Dicho esto, conviene destacar que la deuda es cierta, vencida y exigible, así lo concluye la resolución impugnada sin que ese pronunciamiento sea discutido en la alzada.
La controversia en esta alzada se centra en la existencia o no de requerimiento de pago, en este punto la sentencia niega que se haya acreditado tal el requerimiento.
La prueba de tal notificación corresponde a la demandada, tal y como exige la Ley, como entiende la jurisprudencia, y como también ha tenido en cuenta la resolución recurrida, entendiendo que no se ha probado la referida notificación del requerimiento acogiendo por ello la demanda. La Ley no exige una notificación fehaciente, pero es la entidad acreedora que comunica los datos al fichero quien deberá probar la realidad del requerimiento. Pues bien, en el caso de autos existen elementos de prueba más que relevantes de que la notificación se realizó con anterioridad a la remisión de los datos al fichero de morosos, y además de forma específica.
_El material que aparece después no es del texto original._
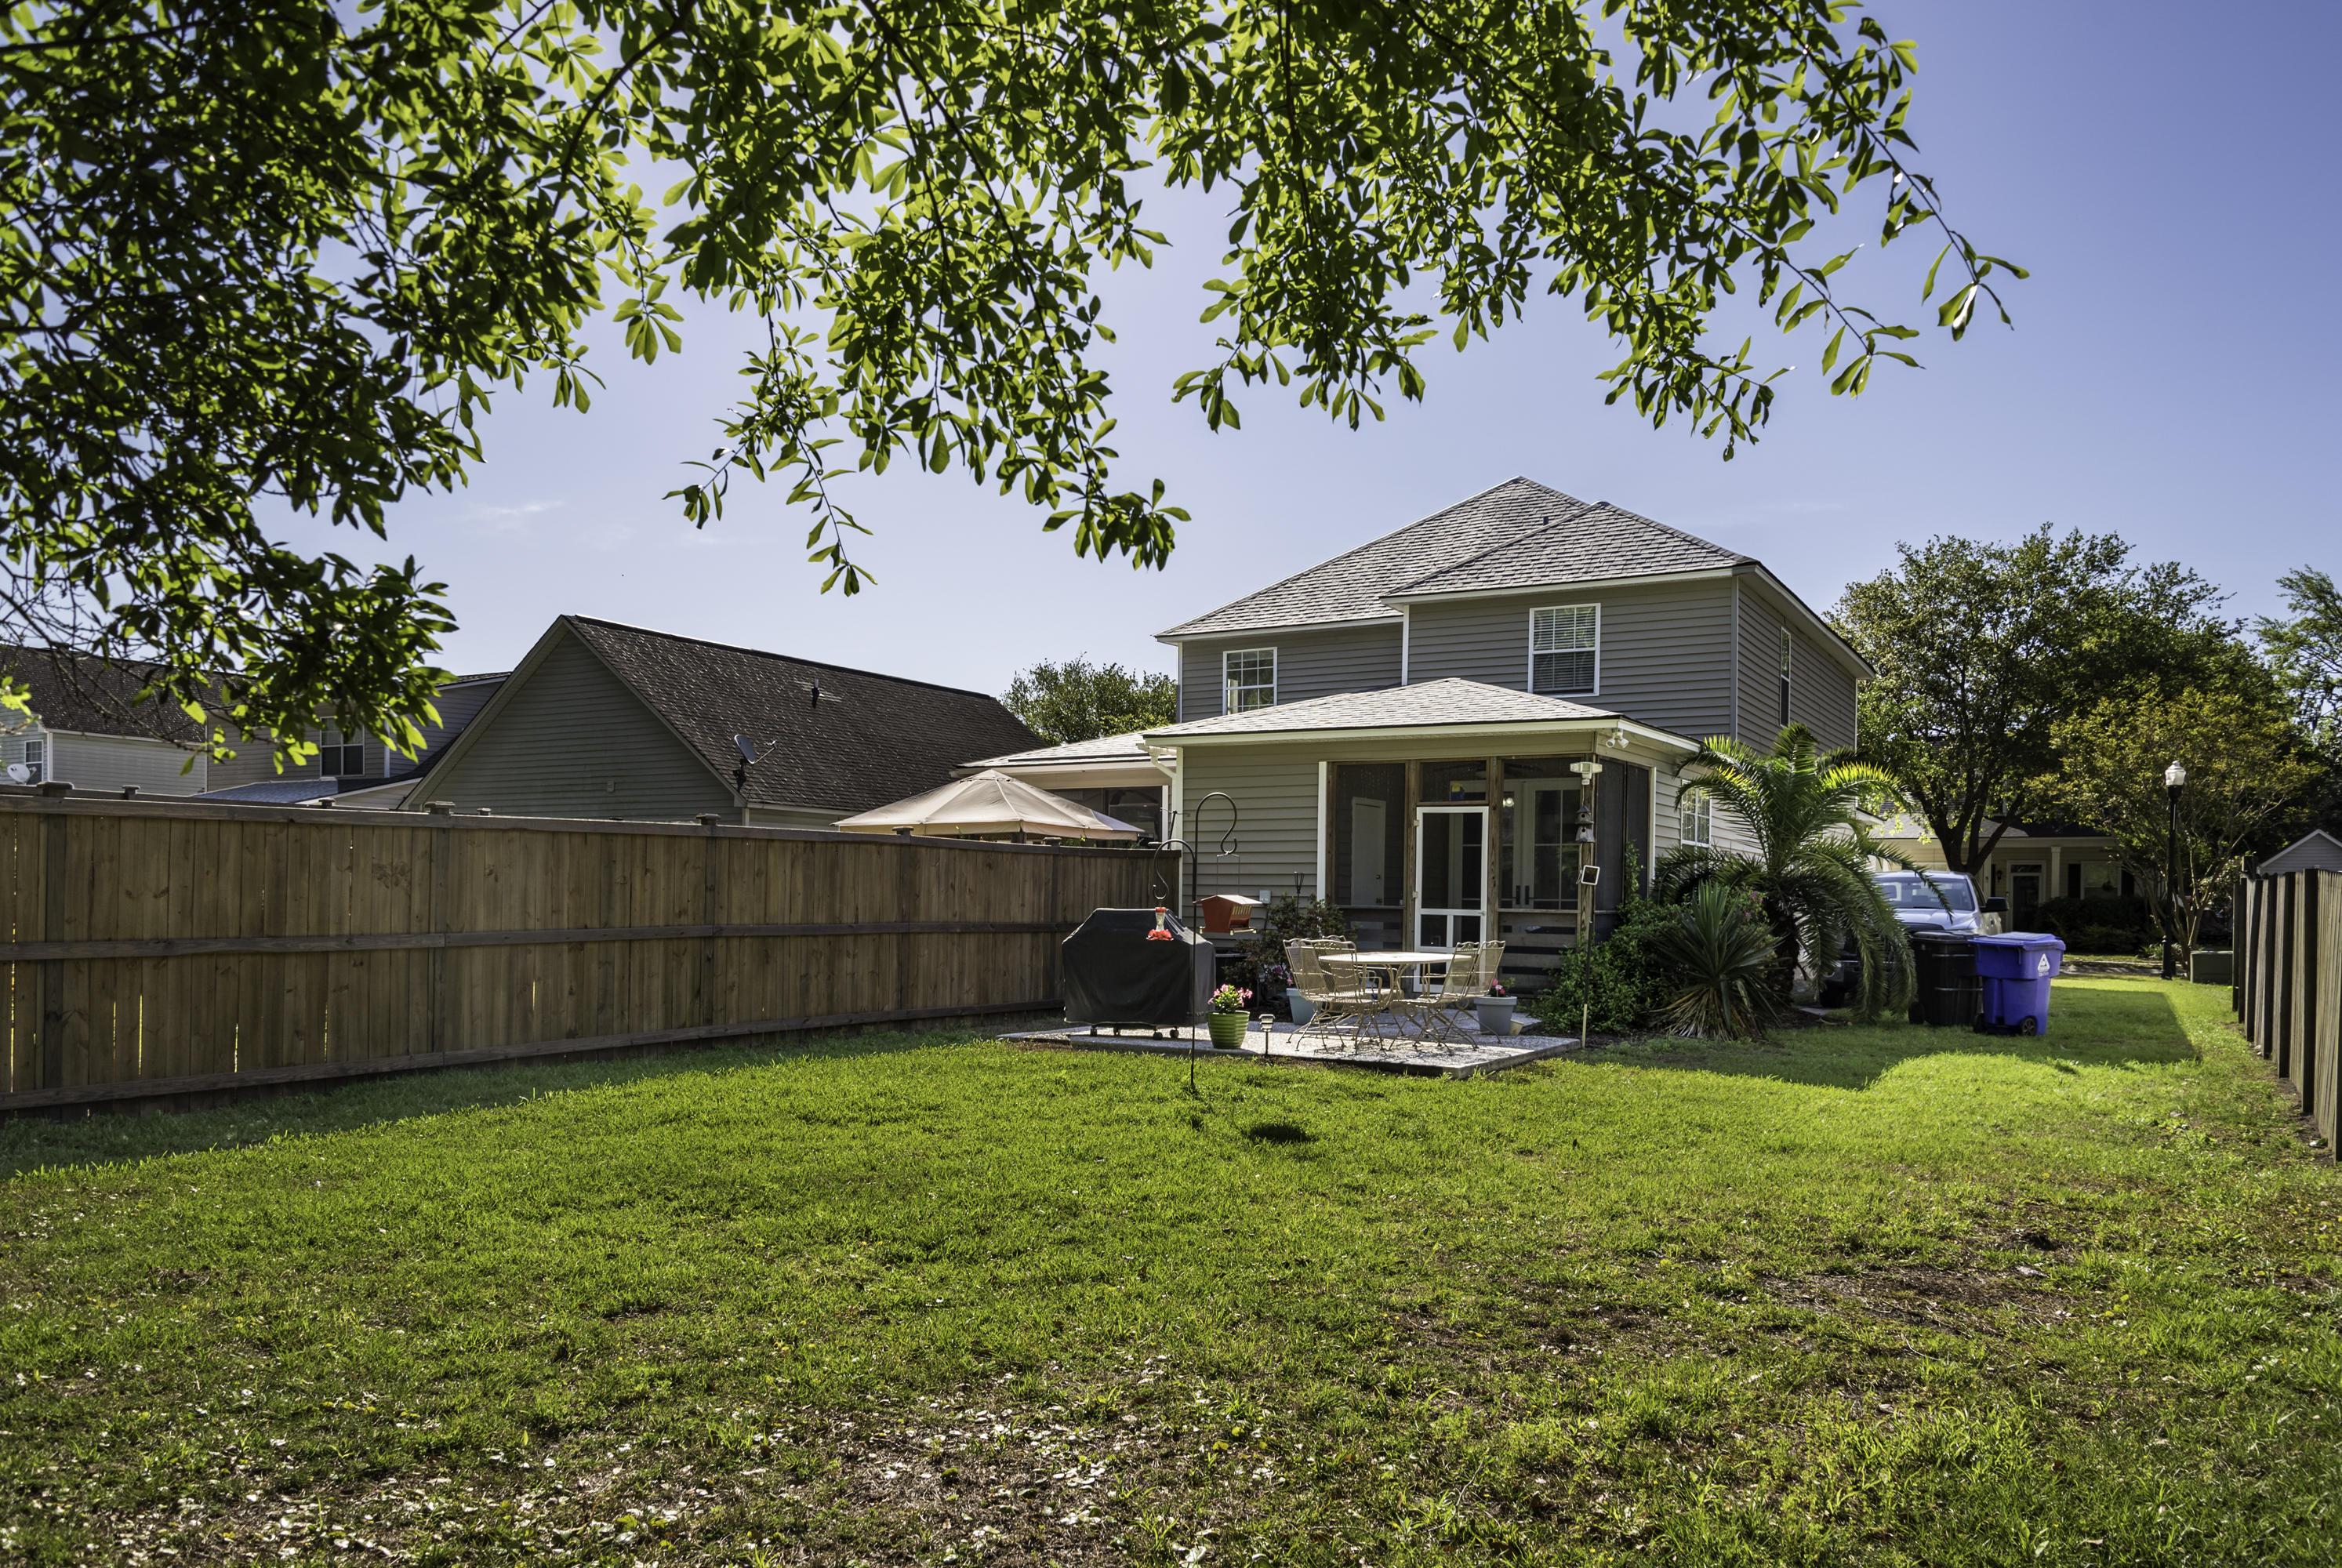 Chadbury Village Homes For Sale - 2333 Chadbury, Mount Pleasant, SC - 13

Como indica la SAP de Madrid 372/24, de 8 de julio: "no puede considerarse vulnerado el derecho al honor cuando la deuda realmente existía, se le notificó mediante un previo requerimiento de pago y no se ha contestado al mismo, no se ha negado ni tampoco abonado los siguientes vencimientos, provocando así el aumento del importe adeudado. Estas ideas responden a criterios jurisprudenciales, que son recogidos en la STS número 53/2024, de 16 de enero :
"Las sentencias de pleno 946/2022, de 20 de diciembre , y 959/2022 y 960/2022, de 21 de diciembre , han reforzado esta idea del carácter funcional del requerimiento de pago, lo que explica la distinta trascendencia que para la existencia de intromisión ilegítima en el derecho al honor del deudor puede tener su omisión o su práctica defectuosa en función de las circunstancias concretas de la deuda y el carácter sorpresivo que para el interesado pueda tener la inclusión de sus datos en el fichero.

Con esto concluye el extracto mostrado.